- SOURCE DATA:
━━━━━━━━━━
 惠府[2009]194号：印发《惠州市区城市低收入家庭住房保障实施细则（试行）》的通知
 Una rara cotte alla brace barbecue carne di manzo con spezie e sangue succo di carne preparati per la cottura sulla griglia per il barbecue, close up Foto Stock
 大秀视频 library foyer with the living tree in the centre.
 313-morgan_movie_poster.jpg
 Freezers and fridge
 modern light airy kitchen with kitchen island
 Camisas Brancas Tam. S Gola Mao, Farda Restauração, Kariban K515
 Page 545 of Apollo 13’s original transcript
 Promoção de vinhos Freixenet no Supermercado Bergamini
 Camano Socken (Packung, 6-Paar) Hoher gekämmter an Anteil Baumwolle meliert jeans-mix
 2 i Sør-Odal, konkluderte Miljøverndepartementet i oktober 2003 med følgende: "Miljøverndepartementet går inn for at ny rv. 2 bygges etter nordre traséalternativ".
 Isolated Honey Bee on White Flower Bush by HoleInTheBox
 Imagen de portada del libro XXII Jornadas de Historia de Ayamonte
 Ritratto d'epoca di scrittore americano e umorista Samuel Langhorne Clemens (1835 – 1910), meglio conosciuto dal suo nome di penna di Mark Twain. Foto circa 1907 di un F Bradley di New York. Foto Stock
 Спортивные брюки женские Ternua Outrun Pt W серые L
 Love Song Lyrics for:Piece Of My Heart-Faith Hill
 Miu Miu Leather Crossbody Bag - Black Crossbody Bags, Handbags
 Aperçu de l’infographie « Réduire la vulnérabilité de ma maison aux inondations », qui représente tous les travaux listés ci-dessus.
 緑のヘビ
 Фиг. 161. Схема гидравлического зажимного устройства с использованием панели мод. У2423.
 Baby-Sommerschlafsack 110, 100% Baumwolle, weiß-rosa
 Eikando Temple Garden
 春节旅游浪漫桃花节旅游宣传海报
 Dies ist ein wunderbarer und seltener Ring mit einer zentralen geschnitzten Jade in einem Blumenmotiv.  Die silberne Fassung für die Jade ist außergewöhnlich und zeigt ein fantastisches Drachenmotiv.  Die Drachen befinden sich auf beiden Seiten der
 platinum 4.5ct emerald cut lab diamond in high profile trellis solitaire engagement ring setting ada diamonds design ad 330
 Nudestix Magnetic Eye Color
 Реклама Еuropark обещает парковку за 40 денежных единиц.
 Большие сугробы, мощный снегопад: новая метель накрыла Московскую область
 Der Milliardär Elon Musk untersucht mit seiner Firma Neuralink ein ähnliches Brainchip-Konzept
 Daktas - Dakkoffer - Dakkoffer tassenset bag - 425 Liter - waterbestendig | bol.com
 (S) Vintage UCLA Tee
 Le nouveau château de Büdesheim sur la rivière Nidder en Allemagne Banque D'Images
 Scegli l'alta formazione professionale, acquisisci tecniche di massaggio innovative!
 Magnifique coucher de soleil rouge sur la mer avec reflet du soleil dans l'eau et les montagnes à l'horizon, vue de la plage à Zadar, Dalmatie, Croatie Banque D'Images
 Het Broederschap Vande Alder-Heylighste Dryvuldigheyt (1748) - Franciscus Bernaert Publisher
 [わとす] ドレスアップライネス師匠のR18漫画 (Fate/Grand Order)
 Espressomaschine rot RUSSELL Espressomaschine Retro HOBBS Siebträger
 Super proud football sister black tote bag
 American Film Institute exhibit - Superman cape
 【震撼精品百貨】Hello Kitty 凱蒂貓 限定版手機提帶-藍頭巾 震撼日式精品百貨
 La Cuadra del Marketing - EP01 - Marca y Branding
━━━━━━━━━━
Starting at the line above that holds "春节旅游浪漫桃花节旅游宣传海报" and ending at the line that holds "Dies ist ein", transcribe each line exactly and include no other lines.

 春节旅游浪漫桃花节旅游宣传海报
 Dies ist ein wunderbarer und seltener Ring mit einer zentralen geschnitzten Jade in einem Blumenmotiv.  Die silberne Fassung für die Jade ist außergewöhnlich und zeigt ein fantastisches Drachenmotiv.  Die Drachen befinden sich auf beiden Seiten der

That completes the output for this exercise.